This variegated sage against a background of flowering garden sage is a lovely and hardy addition to any herb garden.

Mexican tarragon will grow up to 3 feet.

These rosemary bushes were planted as a half dozen seedlings. Now they’re a forest of culinary delight.

Mint has a reputation of growing unchecked in herb gardens, so watch where you plant it.

These giant clumps of garlic chives will easily enhance a summer’s worth of pasta.

Don’t forget to trim the seed heads from basil in order to promote full leaf growth.

Surprisingly, passionflower is considered an herb by some. It has medicinal as well as ornamental

’Tis the season of the “Twin 95s.” Ninety-five degrees and 95 percent humidity, that is.  As a result, the parsley has gone to seed in most gardens. So has the dill. The nasturtium flowers have withered away. But fear not. The hotties are here to stay, bringing forth blooms and new growth despite the Deep South’s mantle of full sun.



Rosemary tops the list. It thrives in the heat. I once saw a rosemary bush with a diameter of 5 feet growing from a split-oak barrel.
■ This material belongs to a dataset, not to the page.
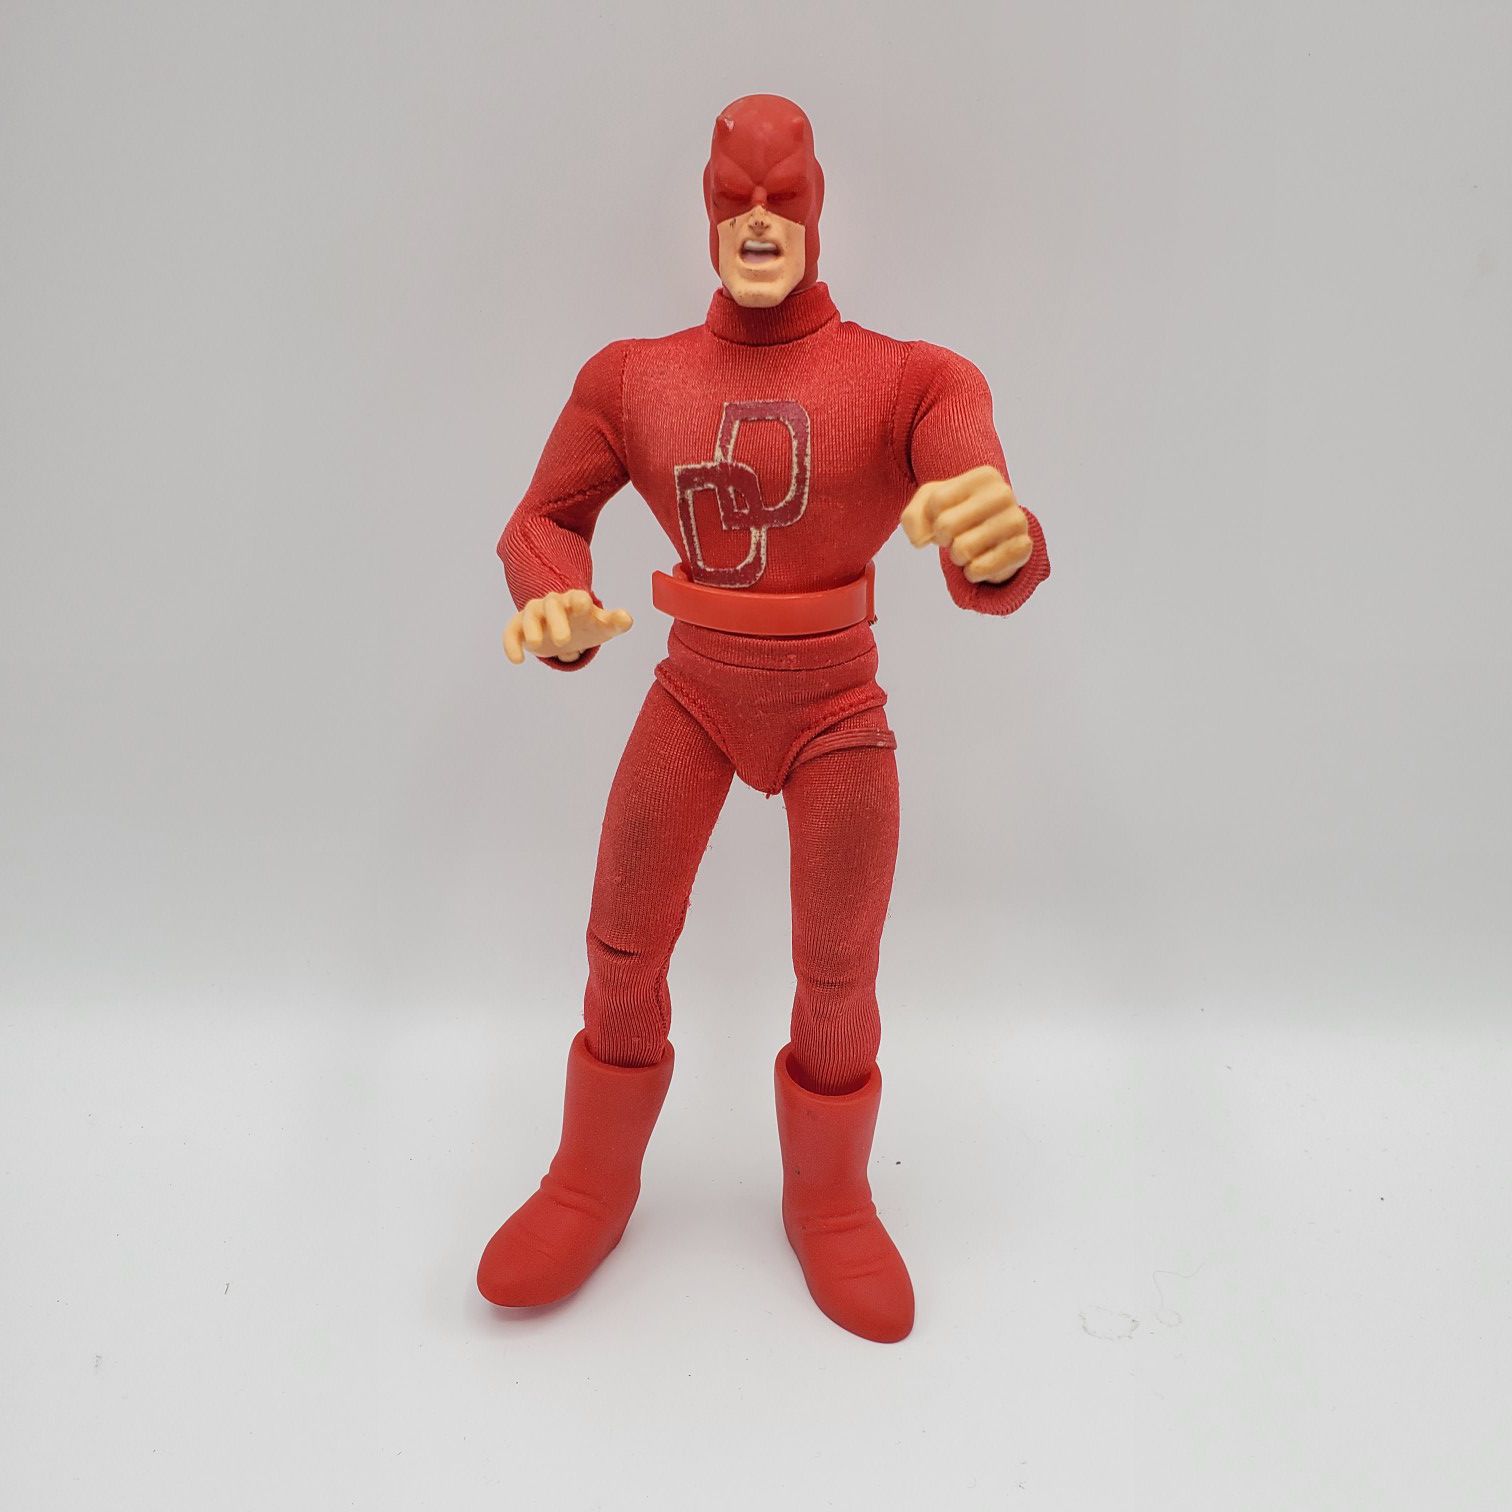 Vintage Marvel's Daredevil toy

Its soil was chalky gray and hard as cement. All the better for rosemary. They need well-drained soil and plenty of sun. One gardener lined his bed with pea gravel and devoted that area to rosemary. Now, years later, the half dozen seedlings have grown into a forest that blankets the entire bed.


The Herb Trinity

Oregano and garlic chives along with rosemary are the herb trinity, as far as my herb garden is concerned. When I have all three of them established, I can begin to expand my horizons. Oregano is rock solid in its ability to withstand hot sun and even occasional neglect. And the more of its leaves I cull, the bushier it becomes. The same goes for the garlic chives.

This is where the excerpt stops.